Хлестануло свинцом по машине, и со стоном схватился за пробитую голову, сронив винтовку, синеглазый студентик-горняк.
Побледнел Василий.
— Ах, ты, черти подводные! Ребят бить! Становь машину под дом!
Грузовик выперся на тротуар у стены.
Соскочил Гулявин:
— Давай желающих три человека, фараона снимать!
Вышли черный, схожий с водяным жуком, солдат-ополченец, шофер и рябой рабочий.
Гулявин к воротам и остальным на ходу:
— Братва… За мной!
По черному ходу, по лестнице с запахом кухонь (Аннушку вспомнил Гулявин) наверх, на чердак.
Дверь заперта. Прикладом… Еще… Доски с треском разверзлись, и душная мгла чердака другим, револьверным, ответила треском.
В проломе двери застрял упавший рабочий, а Гулявин одним прыжком через него и, вскинув наган в темноту:
— Трах… Трах…
Мимо уха зыкнула пуля, вперед ринулся черный солдат, и сейчас же с шипением вошел штык в сукно серой шинели плотного пристава.
Пулеметчик-городовой обернул иссиня белое лицо и, стуча зубами от страха, крикнул:
— Сдаюсь!.. Не бейте!.. — но удар прикладом в затылок бросил его на зад пулемета.
Взглянул на лежащих Гулявин.
— Тащи на крышу! Пустим летать!
Сквозь слуховое окно протащили на снежную крышу, раскачали пристава, и через решетку вниз. Три раза перевернулся в воздухе серой шинелью, и… мозги… розово-желтыми брызгами разлетелись по желтому петербургскому снегу.
Пулеметчик очнулся, отбивался, кричал, кусал за пальцы, но Гулявин схватил поперек, перегнулся через перила и разжал руки. Гулко ударилось тело, а Гулявин в исступлении кулаком себя в грудь и во весь голос:
— О-го-го-го-го!..
Второе было в зале Таврического дворца. Толстый Родзянко, с дрожащею челюстью, вылез мокрым тюленем держать речь к пришедшим в Думу войскам.
Слова были жалкие, растерянные, прилипали к стенам, но Гулявину вчуже казалось, что горит в них весь огонь бунта и злобы, который трепетал в его сердце, и, когда сказал Родзянко:
— Солдаты! Мы — граждане свободной страны. Умрем за свободу! — в напряженной тишине гаркнул Василий;
— Полундра! Правильно, толстозадый!
Остальное слилось в багровый туман пожаров, стрельбы, алых полотен, песен, бешеной гонки по улицам на автомобилях, крика, свиста, бессонницы.

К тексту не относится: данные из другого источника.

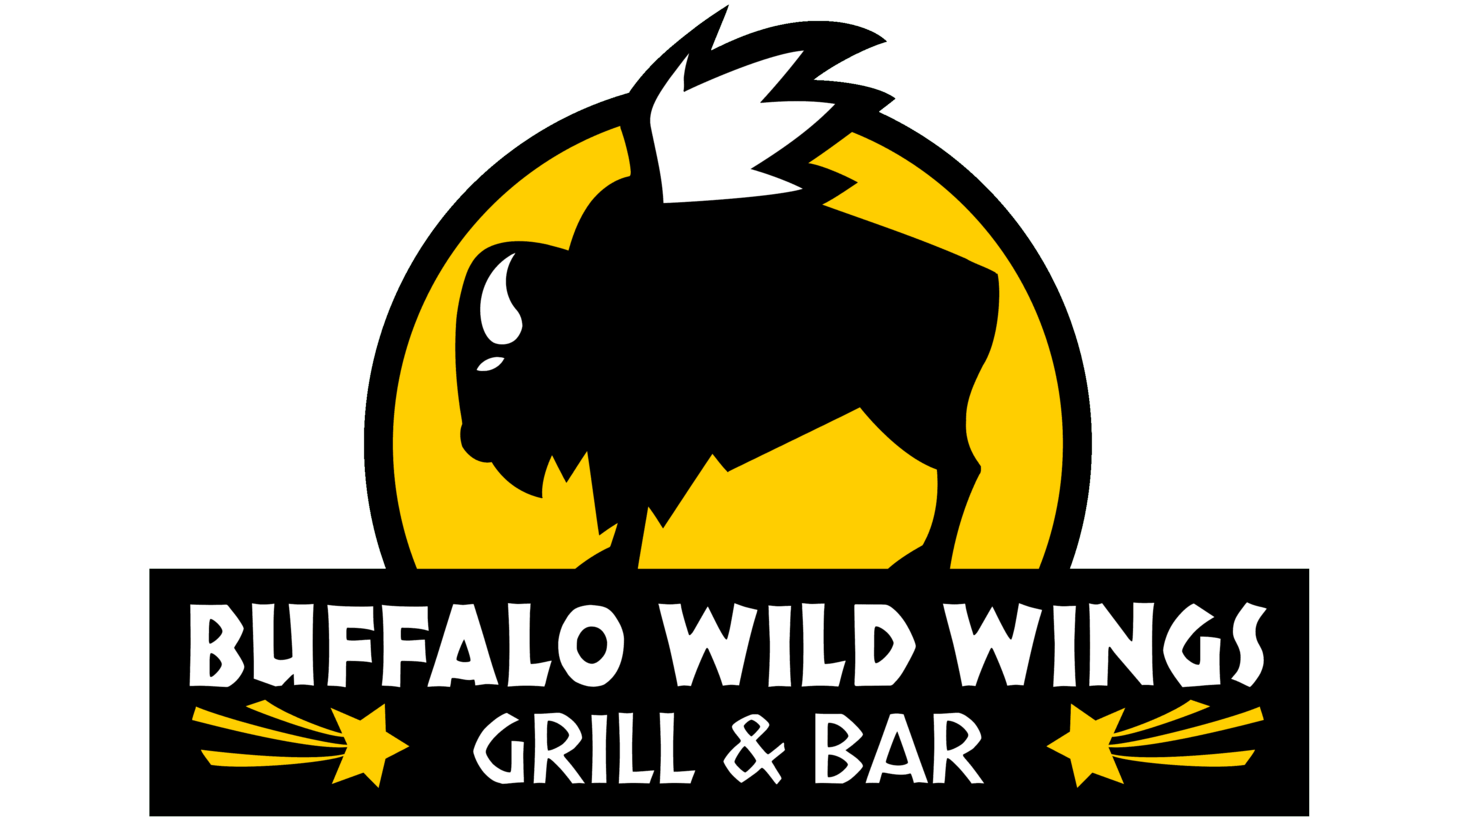 Buffalo wild wings sign 1998

Опомнился только на шестой день, когда сел в зале на дубовое кресло с мандатом в руке, а в мандате прописано:
«Предъявитель сего минер, товарищ Гулявин, Василий Артемьевич, есть действительно революционный матросский депутат от первого флотского экипажа, что и удостоверяется».
И начались для Гулявина странные дни.
Прошлое отошло в свинцовый туман, закрылось вуалью, а на смену ему — голосования, вопросы, фракции, восьмичасовой день, парламентарность, аграрный вопрос, учредиловка, меньшевики, большевики, эсэры, загадочный Ленин, ноты, аннексии, контрибуции, братство народов, Софья с крестом на проливах, митинги, демонстрации, — и все жадно глотала голова; под вечер нестерпимо болели виски от неслыханных слов, и зубрил Гулявин словарь политических слов, взятый у одного члена совета.
А по ночам опять стал сниться лейтенант Траубенберг.
Выползал из-под печки, усами грозился: «Хоть ты теперь и депутат, а я тебя до смерти защекочу. Моя власть над тобою до гроба. Гадалка не помогла, и совет не поможет!»
Просыпался Василий с криком и тревожил сладко спящую Аннушку. Жил у Аннушки на правах депутата, и инженер Плахотин весьма доволен был (в то время инженеры еще были довольны) и гостям приходившим хвастался:
— А у нас депутат матросский на кухне живет. Герой! Трех полицейских ухлопал!
И гости, заходя в кухню как бы ненароком, смотрели на Гулявина и ласково с ним разговаривали, а один спичечный фабрикант расплакался даже и сторублевку дал:
— Я, товарищ матрос, вас уважаю, как народного самородка и освободителя родины от царского гнета. Возьмите на революцию.
Взял Гулявин. Купил на эти деньги Аннушке шарф шелковый и ботинки самого американского шевро (разве Аннушка революции не на пользу?), а остальные семьдесят прокутил с неизвестною барышней в номерах на двенадцатой линии.
Познакомился с барышней ночью на Невском и воспылал неудержимой страстью.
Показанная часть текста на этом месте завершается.